Source: Sharadar. Calculations by Newfound Research. Past performance is not an indicator of future results. Performance is backtested and hypothetical. Performance figures are gross of all fees, including, but not limited to, manager fees, transaction costs, and taxes. Performance assumes the reinvestment of all distributions.
Conclusion
In this study, we have explored the impact of rebalance timing luck on the results of smart beta / equity style portfolios.
We empirically tested this impact by designing a variety of portfolio specifications for four different equity styles (Value, Momentum, Low Volatility, and Quality). The specifications varied by concentration as well as rebalance frequency. We then constructed all possible rebalance variations of each specification to calculate the realized impact of rebalance timing luck over the test period (2000-2019).

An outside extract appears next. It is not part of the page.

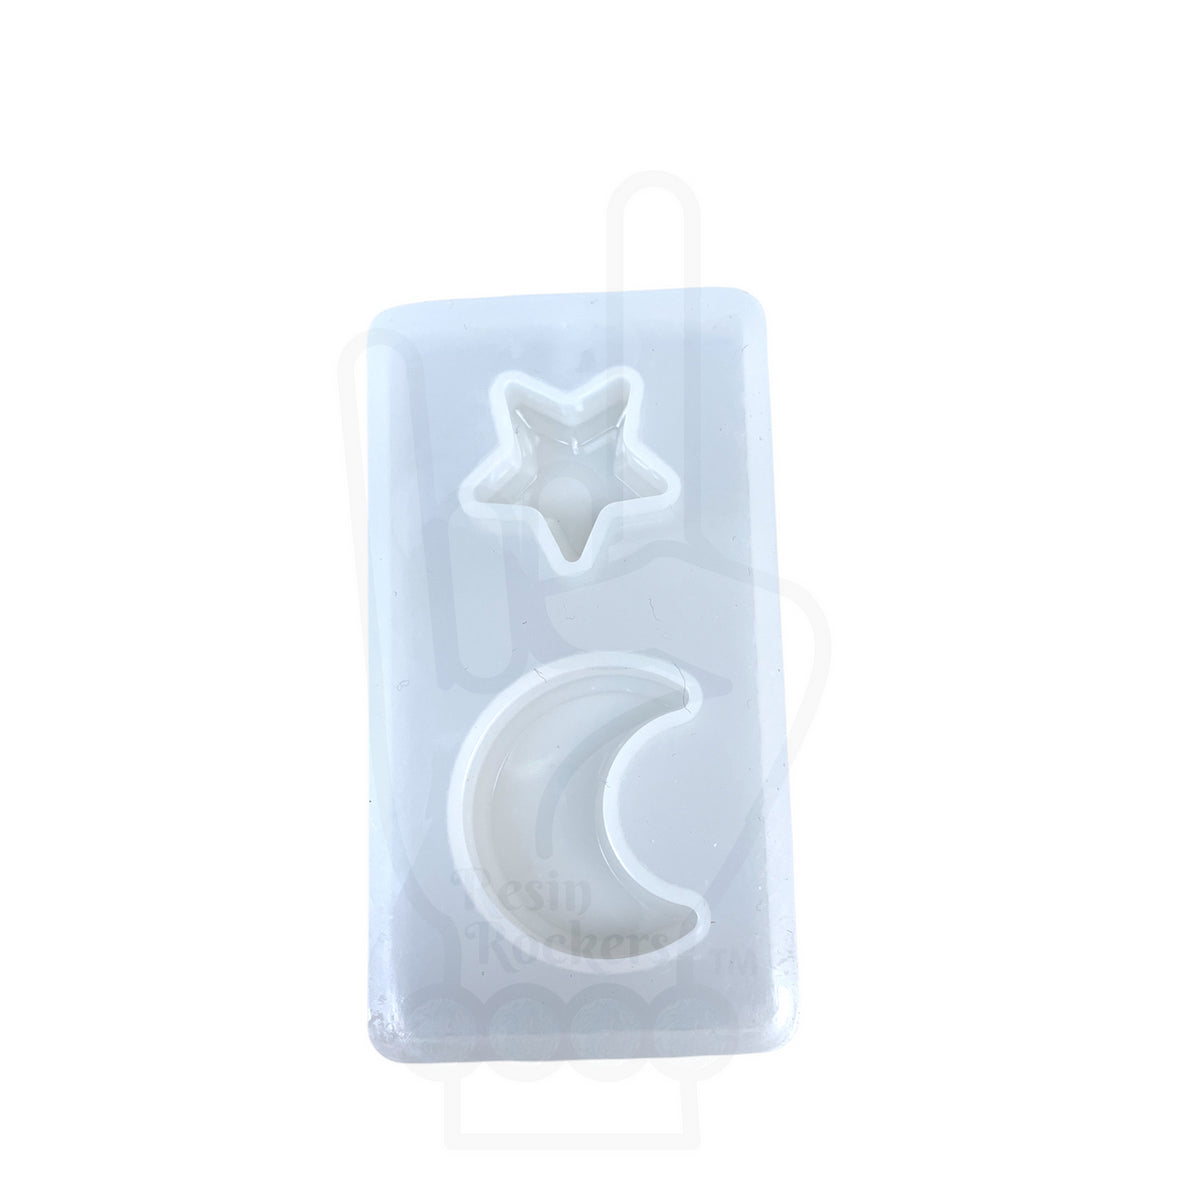 UV Safe Crescent Moon &amp; Star Charm Duo Silicone Mold for UV or Epoxy Resin Art Single
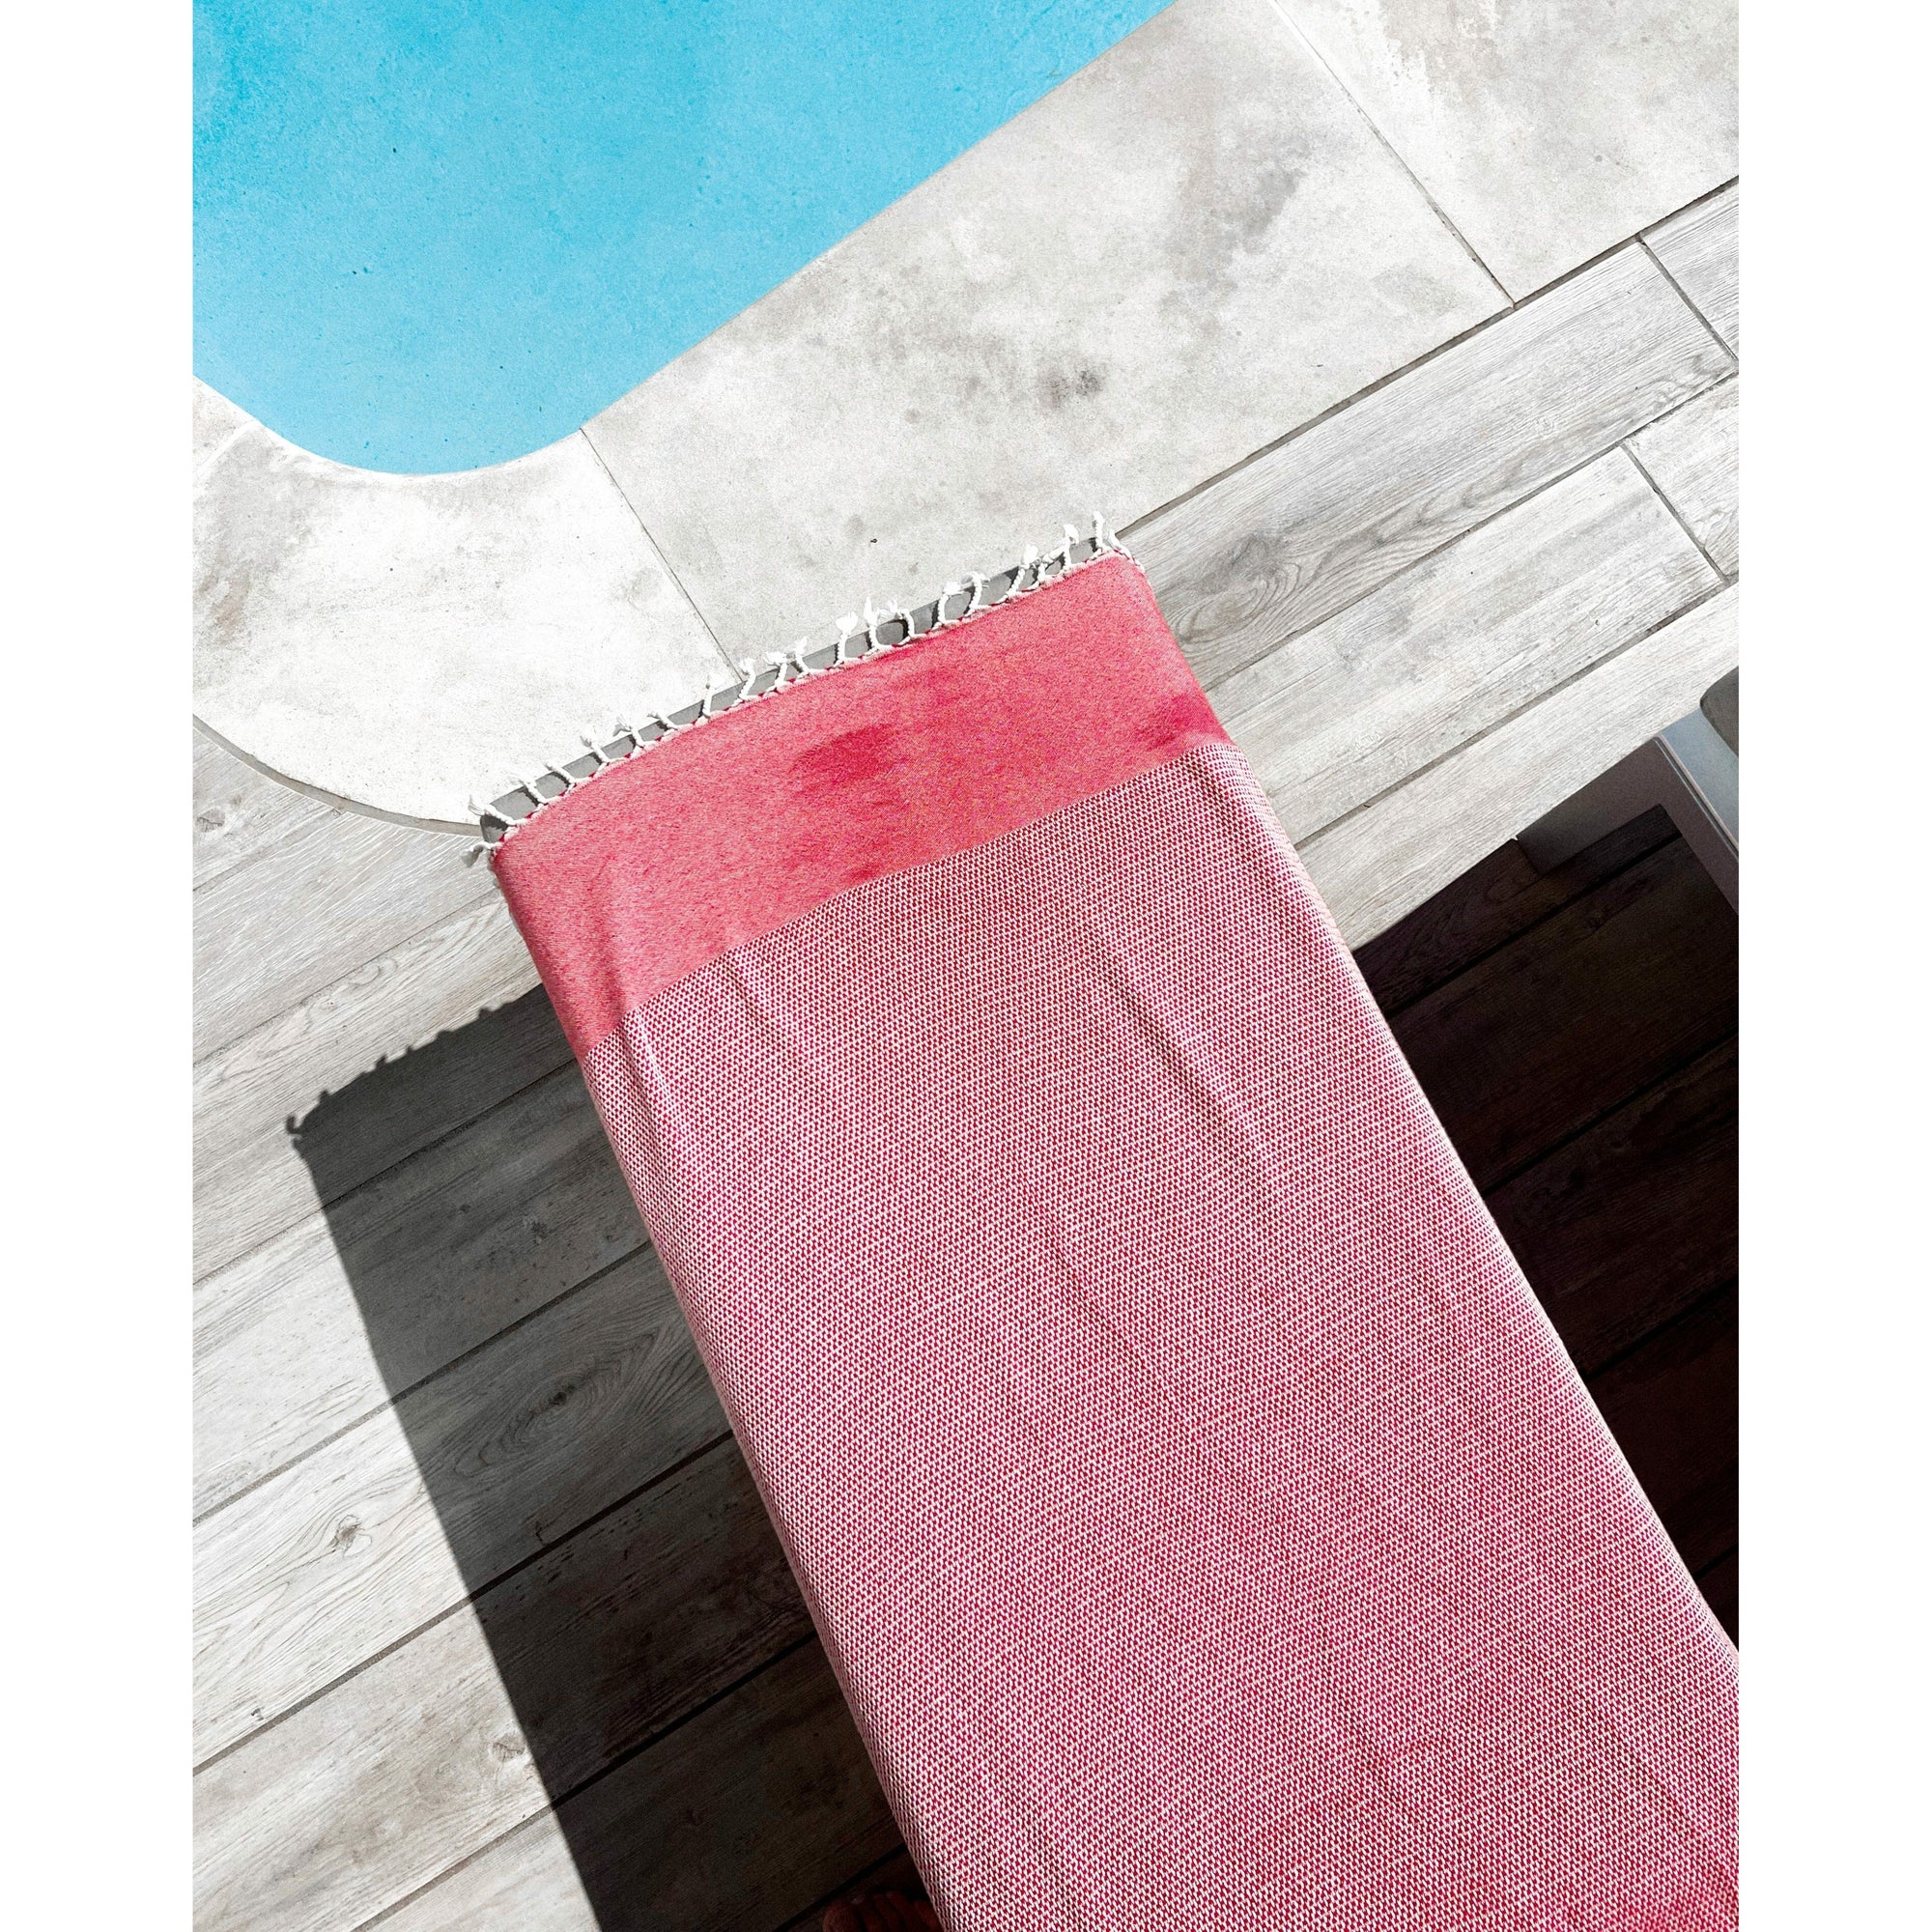 Sunkissed Red / L • 100cm x 180cm • 40"W x 72"L Montenegro • Sand Free Beach Towel by Sunkissed

In line with our mathematical model, we generally find that those strategies with higher turnover have higher timing luck and those that rebalance more frequently have less timing luck.
The sheer magnitude of timing luck, however, may come as a surprise to many. For reasonably concentrated portfolios (100 stocks) with semi-annual rebalance frequencies (common in many index definitions), annual timing luck ranged from 1-to-4%, which translated to a 95% confidence interval in annual performance dispersion of about +/-1.5% to +/-12.5%.
The sheer magnitude of timing luck calls into question our ability to draw meaningful relative performance conclusions between two strategies.
We then explored more concrete examples, replicating the S&P 500 Enhanced Value, Momentum, Low Volatility, and Quality indices. In line with expectations, we find that Momentum (a high turnover strategy) exhibits significantly higher realized timing luck than a lower turnover strategy rebalanced more frequently (i.e. Low Volatility).
For these four indices, the amount of rebalance timing luck leads to a staggering level of dispersion in realized terminal wealth.
“But Corey,” you say, “this only has to do with systematic factor managers, right?”
Consider that most of the major equity style benchmarks are managed with annual or semi-annual rebalance schedules. Good luck to anyone trying to identify manager skill when your benchmark might be realizing hundreds of basis points of positive or negative performance luck a year.